Keponakanku berjalan terburu-buru dari kamar mandi, mukanya pucat.
"Di belakang ado belang-belang!" katanya dengan napas memburu.
Belang-belang? Semua yang ada di ruang TV bingung.
"Dio tu kayak nyamuk, besak. Hidungnyo dak ado," katanya lagi sembari mempraktikkan orang bongkok dan menunjuk hidungnya sendiri.
Oh, tahulah kami. Sejak bayi memang dia langganan melihat yang aneh-aneh. Penamaan belang-belang sendiri adalah karyanya. Sebelum dan setelahnya, ia selalu punya nama yang berbeda-beda, semau dia saja.
Seiring bertambahnya usia, makin berkurang tingkah anehnya. Setelah masuk usia SD, tak pernah lagi ia bertingkah demikian. Yang kami lakukan adalah tidak membahas apa yang ia lihat.
Pengalaman Masa Kecil
Tak tahu berapa usiaku waktu itu.
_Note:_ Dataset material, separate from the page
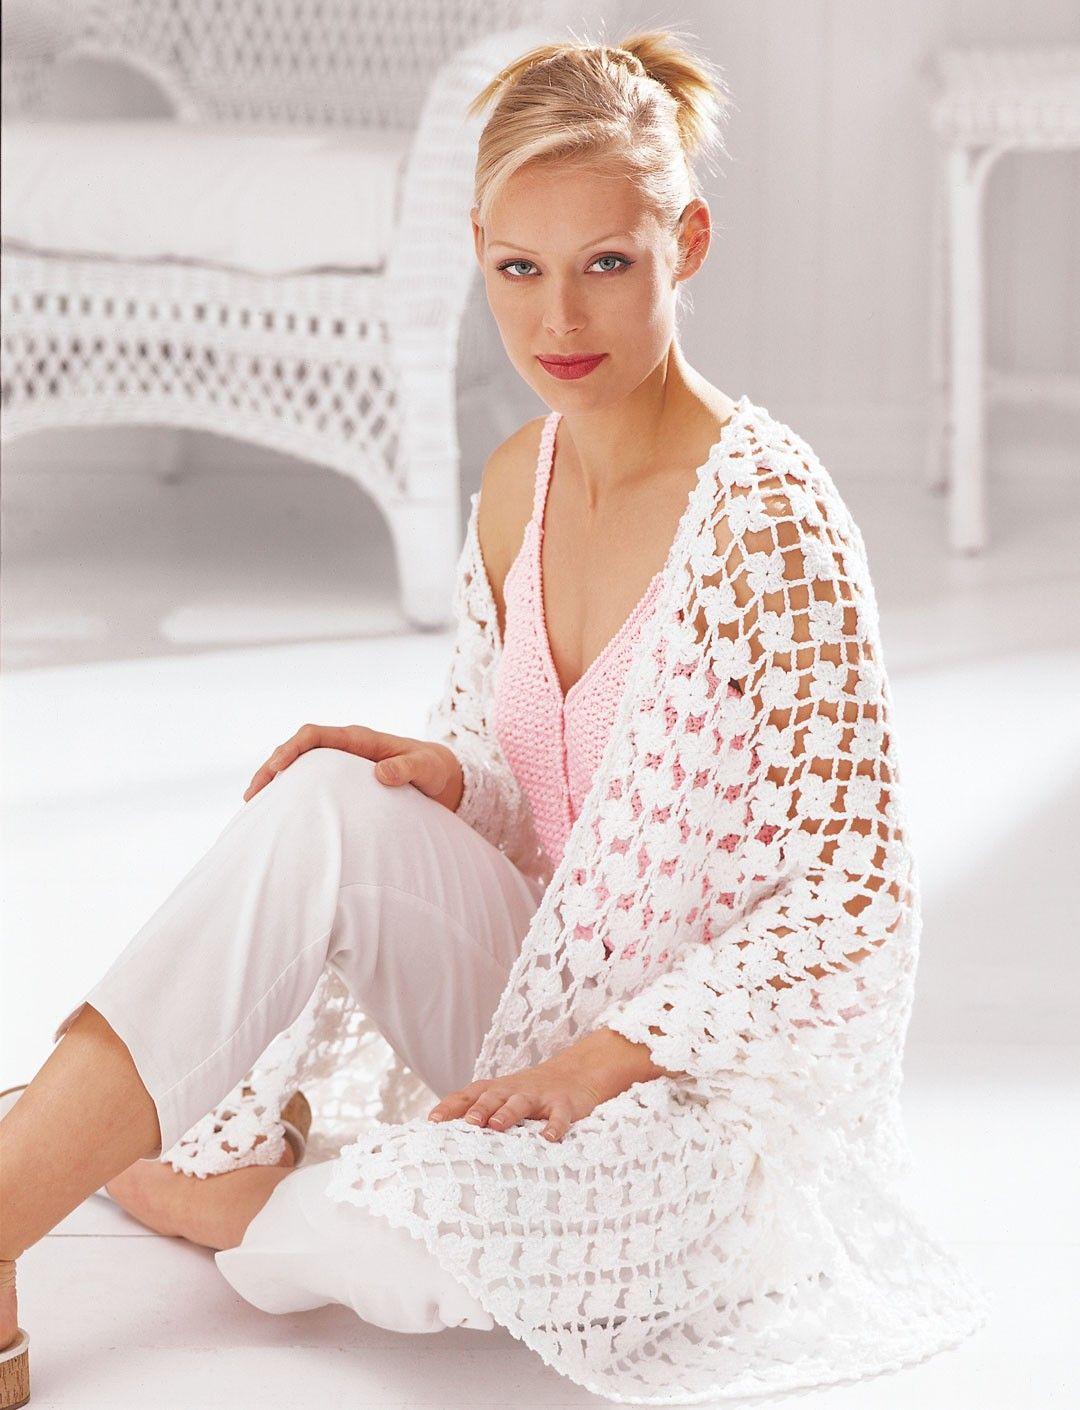 Yarnspirations.com - Patons Floral Shawl - Patterns | Yarnspirations ...

Kami berada di Jambi Kota Seberang, wilayah Kota Jambi di utara Sungai Batanghari yang kehidupan masyarakatnya masih tradisional.
Aku dan Mamak menginap di rumah kerabat, sepasang suami istri yang hanya tinggal berdua. Suatu malam, kulihat ada benda merah kecil mengawang di depan pintu Nek Cik, begitu aku memanggilnya.
Benda itu sepertinya bergerak dari kamar ke luar. Hari gelap, dan Nek Cik sendirian di dalam. Aku dan Mamak ada di kamar yang lain.
Sambil lalu kubilang ke Mamak, "Ada merah-merah terbang di depan kamar Nek Cik." Kalau saja ucapan itu keluar dari mulut anakku sekarang, mungkin sudah kumarahi. Gak penting.
Sebab gara-gara ucapanku, Mamak berpikir yang bukan-bukan. Beliau segera memanggil Nek Cik di kamar, dan orang tua yang hampir seusia mbahku itu keluar bersama rokok di mulutnya.